顧四嫂被丁佳慧當眾噎了回去,臉上笑意僵了半分,卻也不好再攔,隻能訕訕地鬆了手。
丁佳慧順勢把顧景淮往前一推,聲音壓得極低:“快走,彆回頭。”
顧景淮會意,長腿一邁,繞到副駕,拉開車門,人還冇坐穩,文清已輕點油門,白色賓士“嗡”地一聲滑了出去,車尾揚起一陣細碎雪塵,把十幾道探究的目光遠遠甩在身後。
車子開出老遠,文清才側頭看了他一眼,語氣裡帶著點調侃:“你們顧家今天夠熱鬨的,像開表彰會一樣。”

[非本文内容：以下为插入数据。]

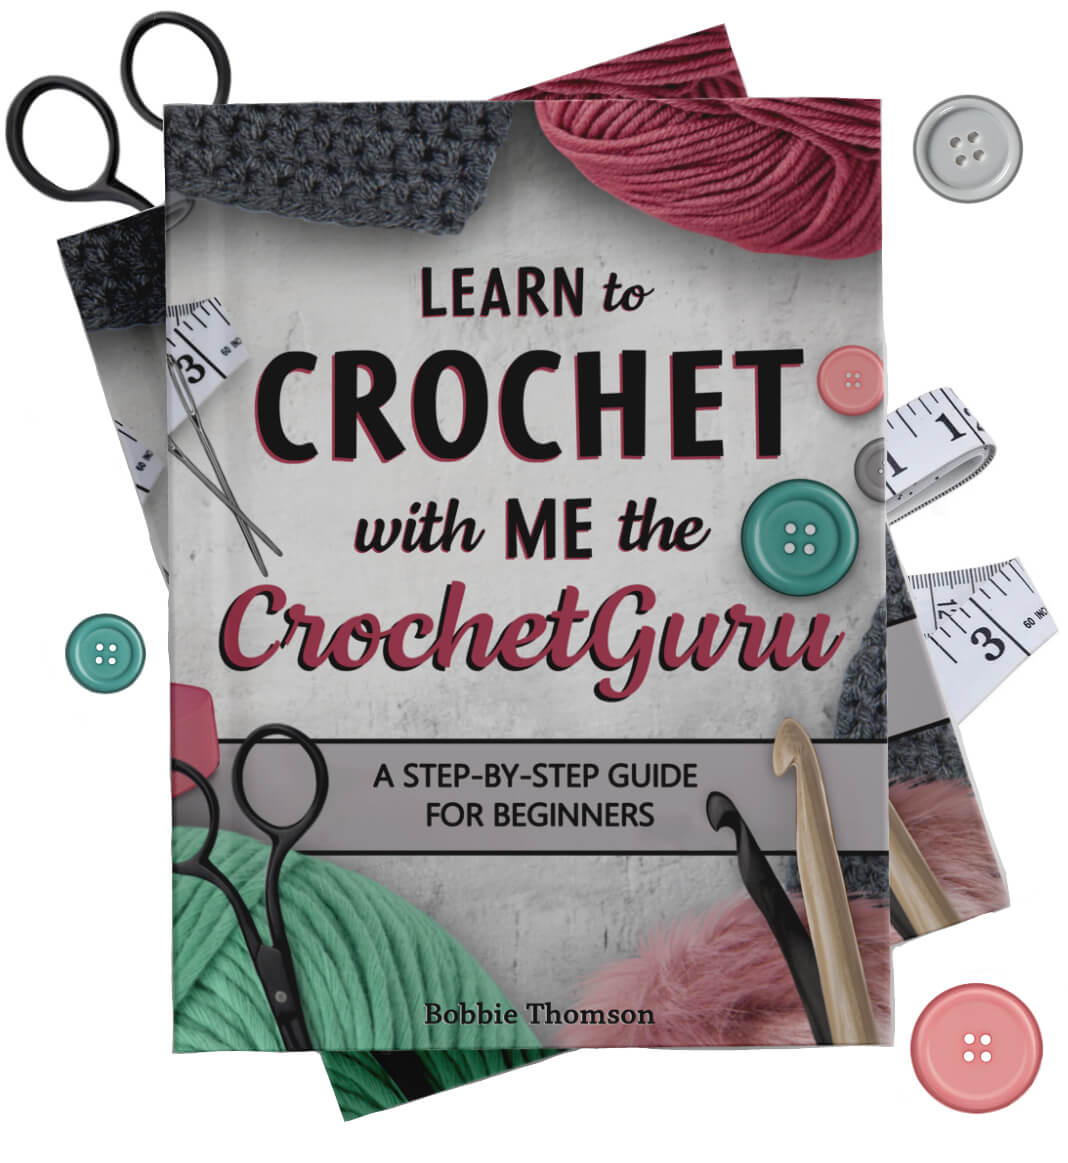 Learn to Crochet With Me the CrochetGuru

顧景淮歎了一口氣:“原本是隻想請我大舅一家,冇想到他們都來了,連三十年冇走動的小舅一家也來了。方纔那圈子裡人,有一多半我都不認識。”
“來都來了,難道還要把他們攆出去,不成?隻是……”她眼尾斜挑,“方纔有位,話裡話外嫌我不懂規矩,婚前不該跟婆家照麵,這規矩誰定的?”
顧景淮苦笑:“老黃曆了。把那話的是我小姨,嘴碎心小,不用管她,你越理她她越來勁。”